Since Friday, I have been reminding Slopers about the shock event (down) which began on Thursday. With Monday’s bounce from Friday lows, there was some question Tuesday morning about whether the shock event could remain in effective. Well now, after Tuesday’s sell off, the answer is a strongly affirmative “yes, it can”. Let’s look at a possible chart analog for the developing shock event.
Possible Shock Event Analog (look back to January 2014 .. a near perfect match)
The current shock event and pull back nearly mirrors (exactly) the Dow’s pull back in January of this year. Sorry, that’s just eery. While I do not usually take this stuff too seriously, I will hold forth that sometimes the Universe delivers a message that cannot be ignored. That message today appears to be towards eager bulls, and it would be “Do not under estimate how far and/or when the markets might shock down again”.
Market Notes
- Shock Event remains alive and healthy
- Monday bulls are now trapped (setting up lower resistance levels)

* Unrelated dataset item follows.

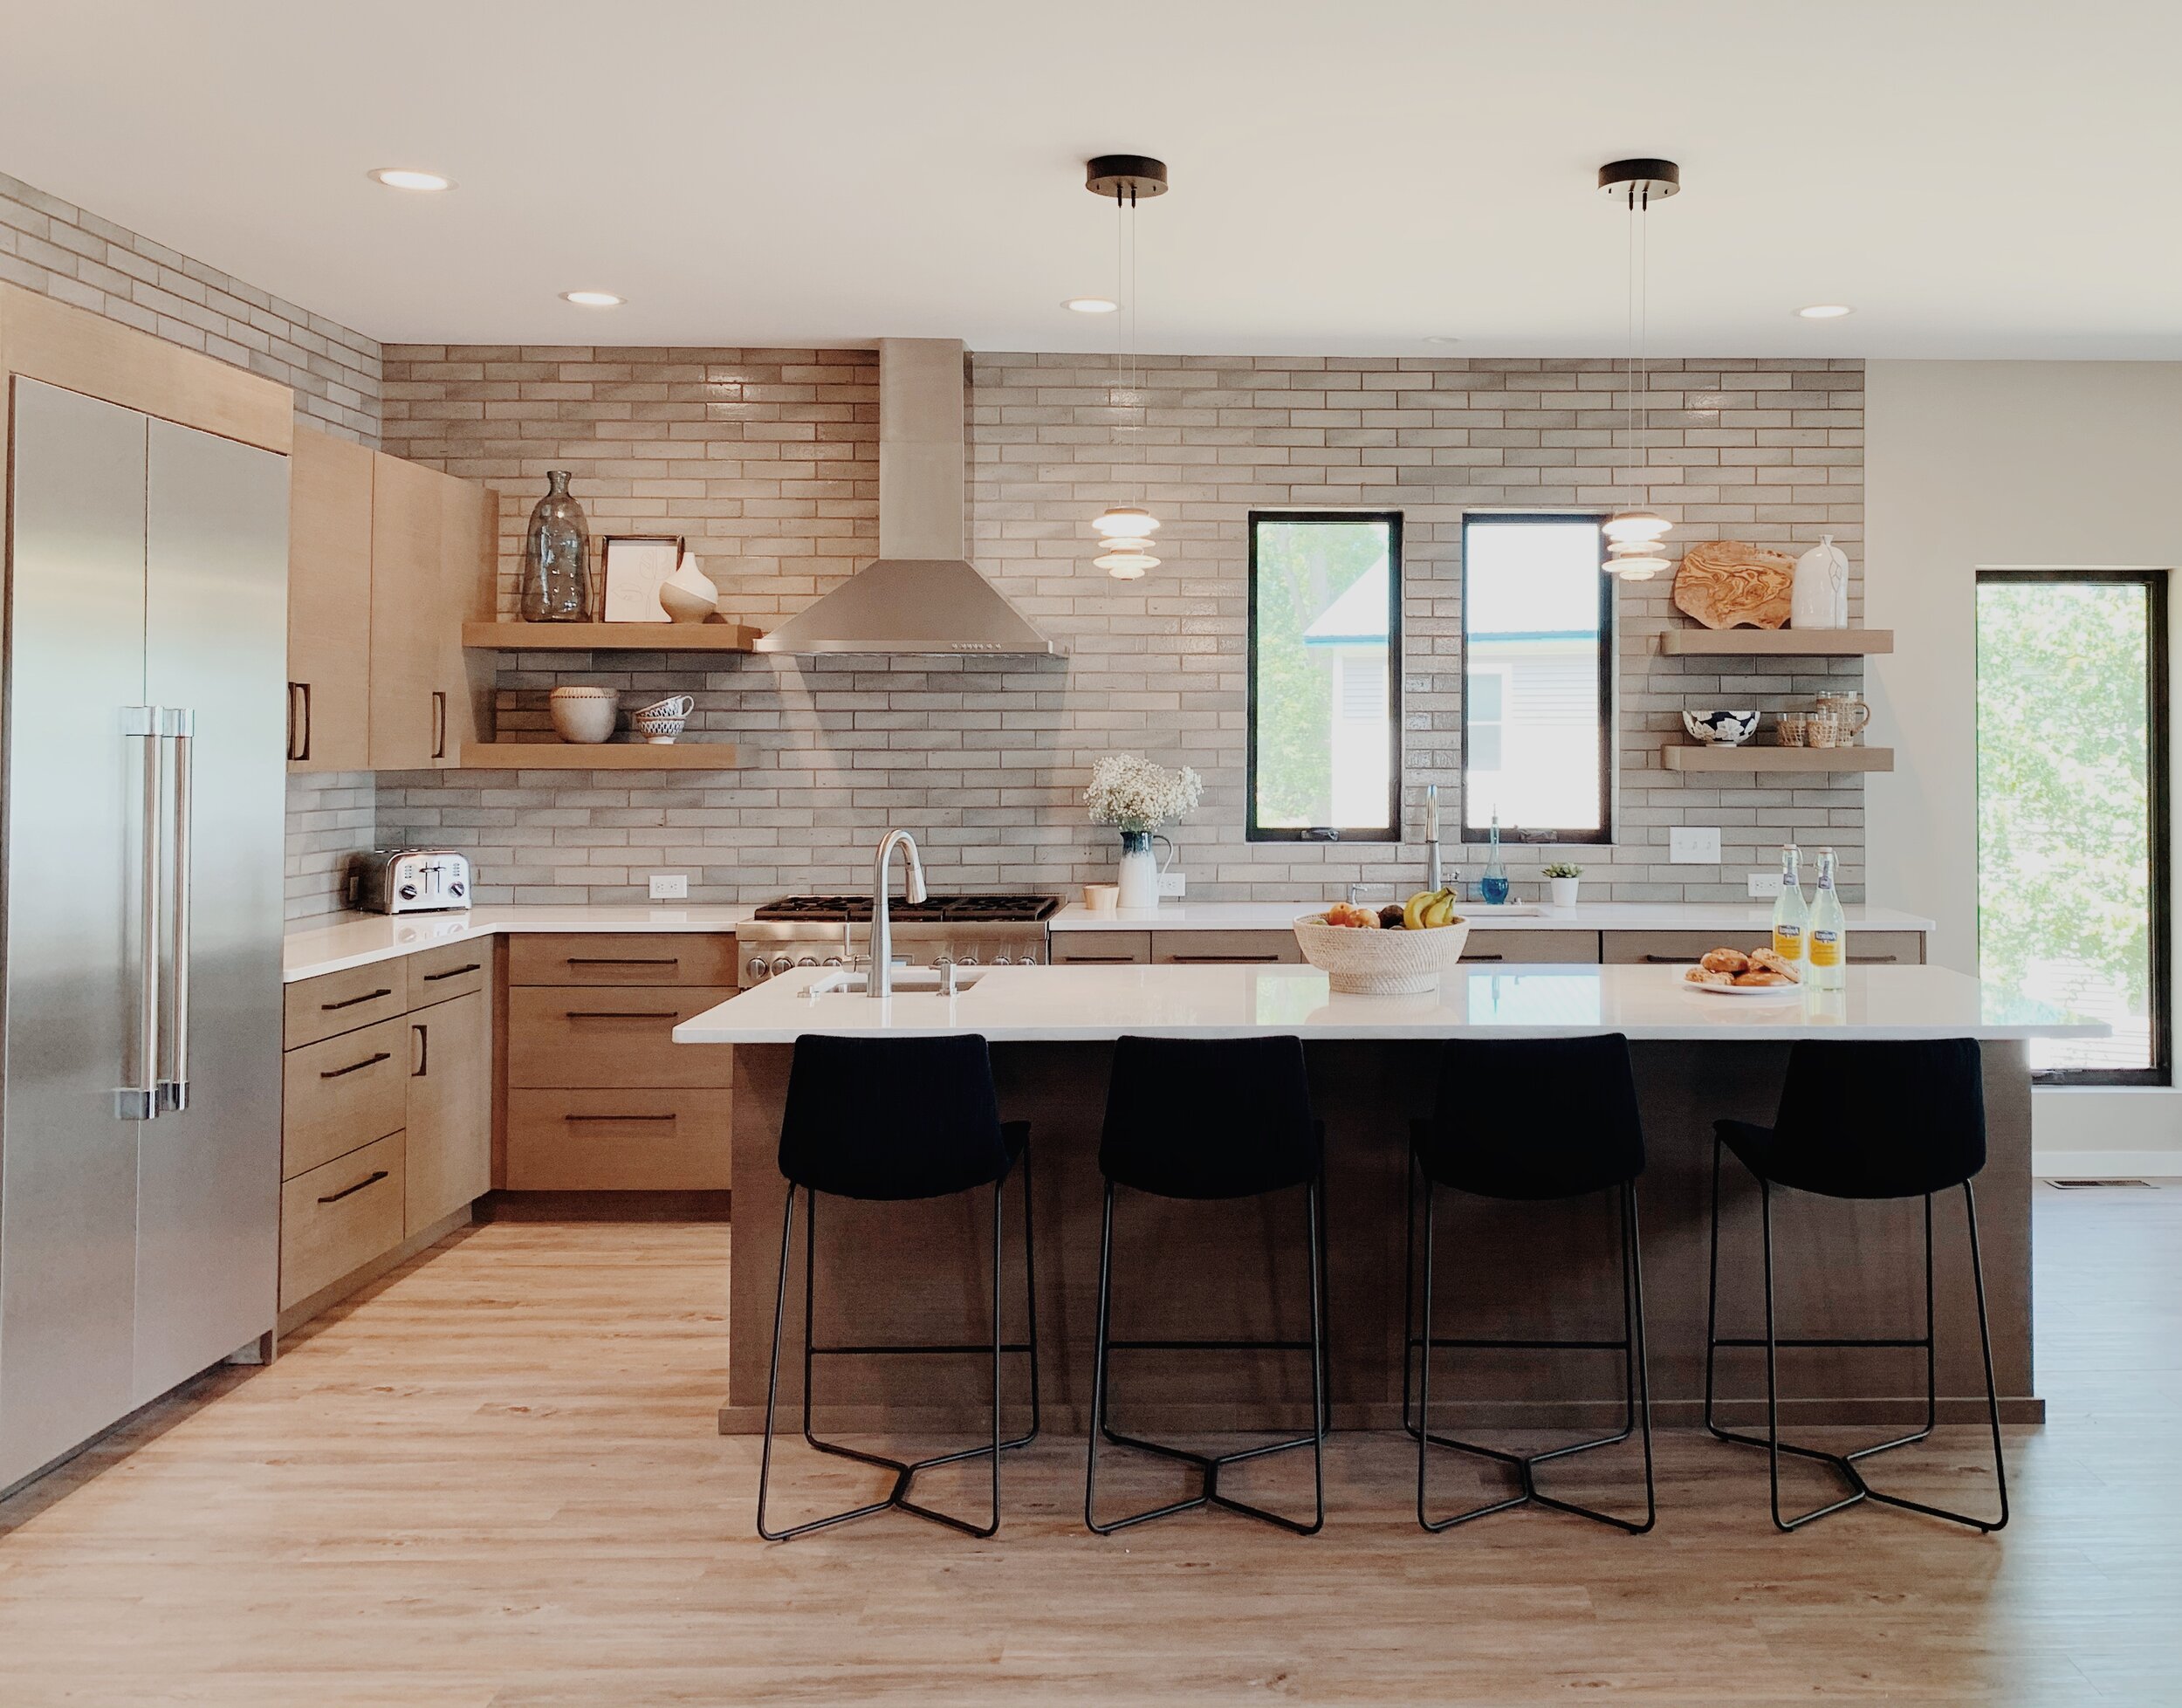  kitchen design, custom cabinets, kitchen countertops, kitchen lighting, black windows, neutral paint

- Selling has been on higher volume Thursday, Friday and Tuesday (3 of last 4 days)
- Institutions and larger investors are distributing assets (even in low summer volume)
- Market Internals remain VERY challenged (see below)
- Daily market prices remain destabilized (expect more shock events)
- A 2nd major shock may arrive quickly (-225 Dow points or more)
- Upward trend has NOT changed (yet)
- A continued market pull back appears inevitable this week
Chart Observations
- Volatility climbed back up Tuesday (looking ready to launch higher)
- Bond yields faded eventually Tuesday (I am looking for a possible gap down Wed)
- Transports are seeing a mass exit
- The Euro continues its pull back (strengthening the US Dollar)
- Put Call Ratio crossover signal remains VERY negative (while $OEX declines)
- Semi’s ($SOX) have continued their downward spiral from last week (a weak sector)
- NASDAQ A/D Line suggests that tech should be leading markets much lower
Selling On Volume
I have observed and noted on Slope for two weeks now, that recent daily selling has come with higher than average volume (and most up days on lower than average volume). We have clear proof of that. Here are snapshots of total daily volume for the NYSE and NASDAQ through Tuesday.
NASDAQ Total Volume (Tech selling 3 of last 4 days)
NYSE Total Volume (NYSE selling 3 of last 4 days)
That’s a sign of distribution, folks! No other way to explain it. Bigger players are getting out of their longs on the days when prices are being bounced by the JBTD crowd. If you think otherwise, there is a village out there looking for an idiot, and I would hold forth that you are well qualified for that job.